Textsimilarity

This short contribution shall be an example for what one can expect form following articles in this project. The goal of this paper is to visualize the similarity between the five biggest parties within the swiss parliament and six well known and influential organizations. The underlying question to this article is: “Do we see similarities between actors which are commonly known as political close to each other or not?” Each actors’ official press release statements from their homepage were used to build a text corpus containing around 7’400 press releases from 2010 to April 2018. The results are quite interesting as they show some surprising similarities.

Data

But first let us look at the data. To see how similar parties and organizations are to each other one needs suitable data. This data is publicly available from webpages and social media accounts for most actors of importance to the political live in Switzerland. The only thing that needs to be done is to collect all the data in a database. This is done in this very project. Hence, it is easy to build a data set containing only all the press releases of a specific set of actors already accessible in our database.

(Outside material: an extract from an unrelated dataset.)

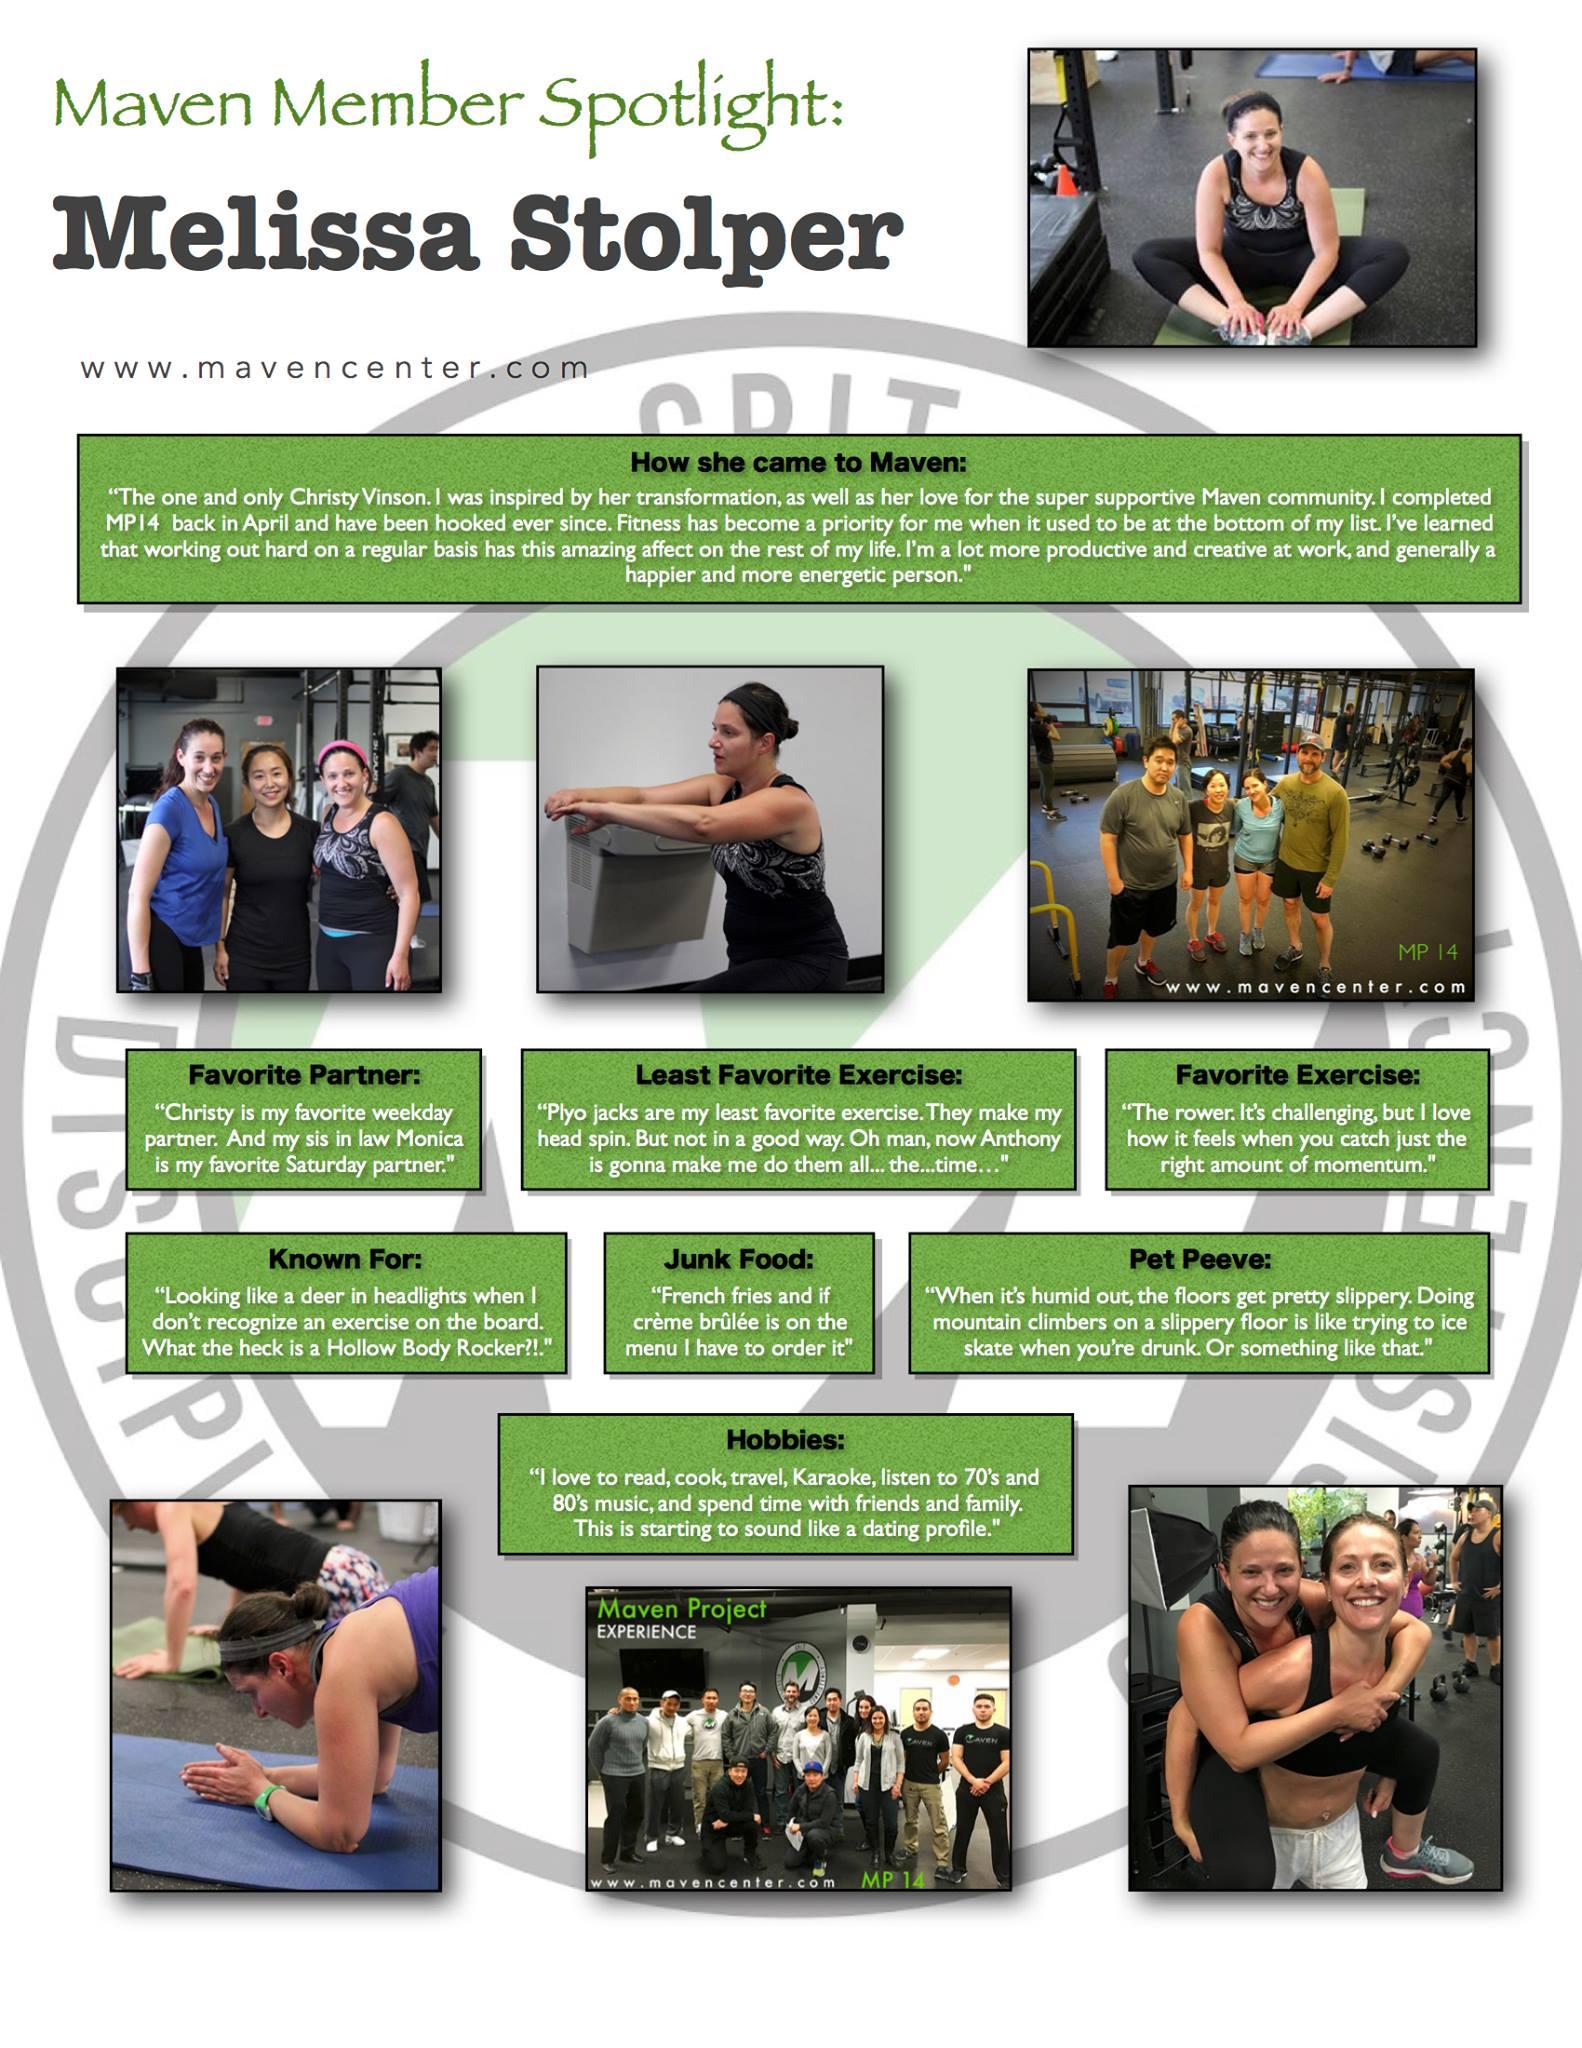 Melissa's Spotlight

In this work we settle for the five biggest parties in the parliament which are the people’s party of Switzerland (SVP), the social democratic party of Switzerland (SPS), the FDP the liberals (FDP), the Christian democratic people’s party of Switzerland (CVP) and the green party of Switzerland (GPS). Additionally, we select six organizations we believe to be of great importance to the political process in Switzerland. These are the Economie Suisse, the swiss framers union (SBV), the swiss trade union confederation (SGB), the swiss business association (SGV), the swiss bankers association, and Travail Suisse. For our analysis we use all press releases published by them on their official webpage from 2010 to April 2018. This includes 7’421 published press releases, which results in a text corpus of over 1.5 million n-grams after stemming without stop words.

Analysis

To get similarity values between all different actors there are several different formulas which could be used to obtain his. We settle for the Jaccard similarity coefficient.

The formula for this is

`J(A,B) = (|A \cap B|)/(|A \cup B|)`

The index is also known simply as the Jaccard index. The Jaccard coefficient measures nothing else than the similarity between different sample sets. Unfortunately, if we apply this Jaccard similarity to all actors on the whole set of texts we get results which are not very useful. The issue here is that not all samples have the same size. Some have much more text published than others, which results in different similarity values when comparing the smaller actor with the bigger actor and vice versa.

Therefore, we extract the 500 most frequent adjectives, nouns and keywords from each actors’ corpus and produce a similarity matrix for each of these types. This results in useful similarity values which are quite similar for each type between each actor. To display the results nicely in one plot the similarity matrices are pooled with the arithmetic mean of the similarity of all three matrices.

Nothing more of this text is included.